Git Repository Data Extraction¶
The tidyextractors.tidygit submodule lets you extract Git log data from a local Git repository. This page will guide you through the process.
A Minimal Code Example¶
from tidyextractors.tidygit import GitExtractor
# Extract data from a local Git repo
gx = GitExtractor('./your/repo/dir/')
# Commit data in a Pandas DataFrame.
commits_df = gx.commits(drop_collections=True)

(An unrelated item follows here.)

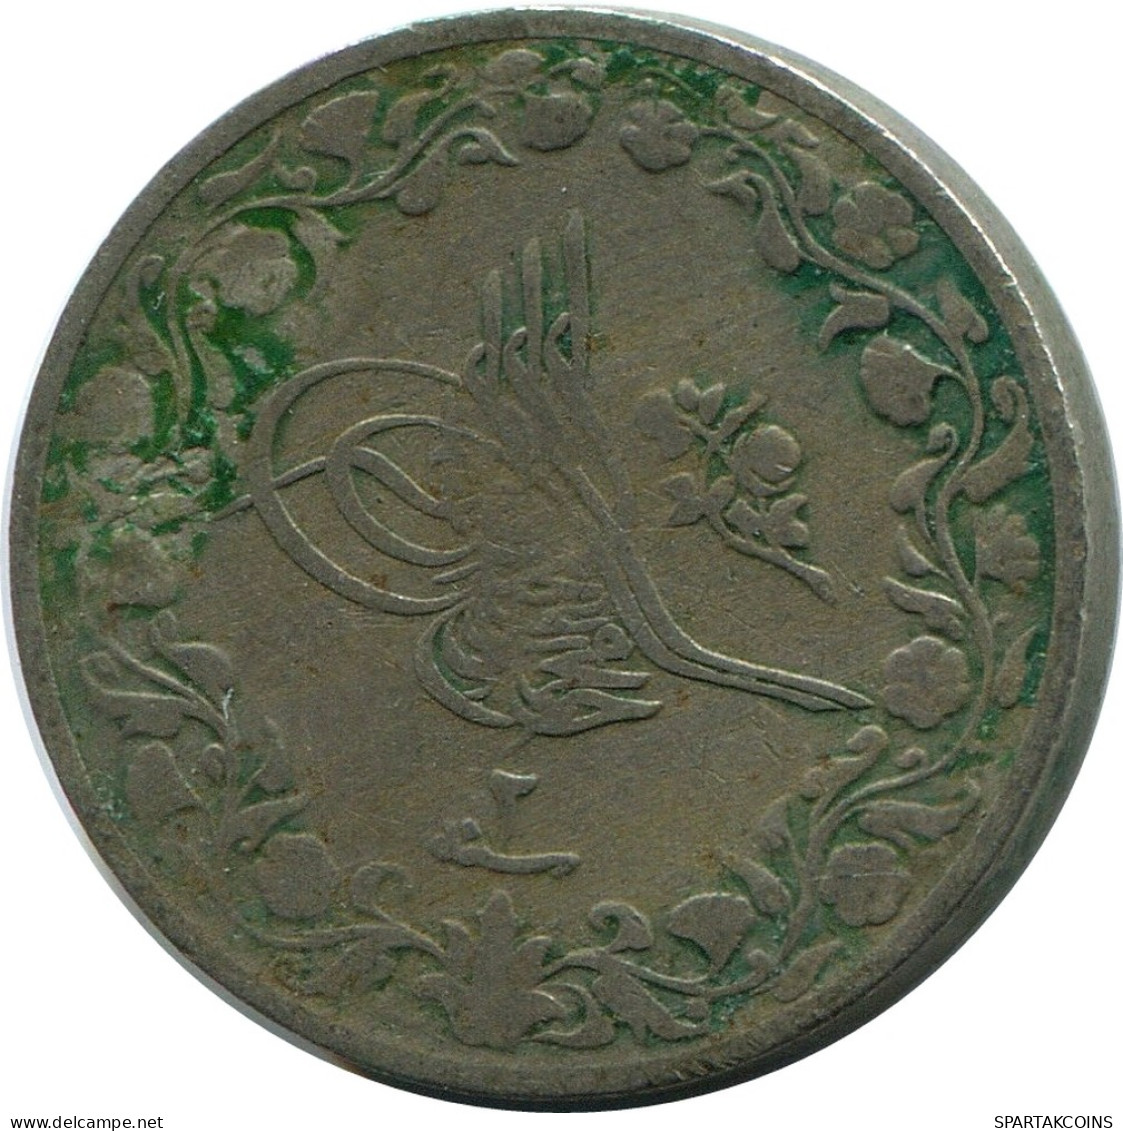 1/20 QIRSH 1910 EGYPT Islamic Coin #AK314.U - Egypt

# Commit/file keyed change data in a Pandas DataFrame
changes_df = gx.changes()
Step 1: Prepare Your Git Repo¶
All you need to get started is the path to a local Git repository. If you want to extract data from a repository hosted on GitHub, download or clone the repository to your computer.
Step 2: Extract Data¶
You can extract data from any local Git repository using the GitExtractor:
from tidyextractors.tidygit import GitExtractor
gx = GitExtractor('./your/repo/dir/')
You may need to wait while the data is being extracted, but all the data is now stored inside the extractor object. You just need a bit more code to get it in your preferred format.
Step 3: Get Pandas Data¶
Now, you can call a GitExtractor method to return data in a Pandas DataFrame.
# Commit data in a Pandas DataFrame.
commits_df = gx.commits(drop_collections=True)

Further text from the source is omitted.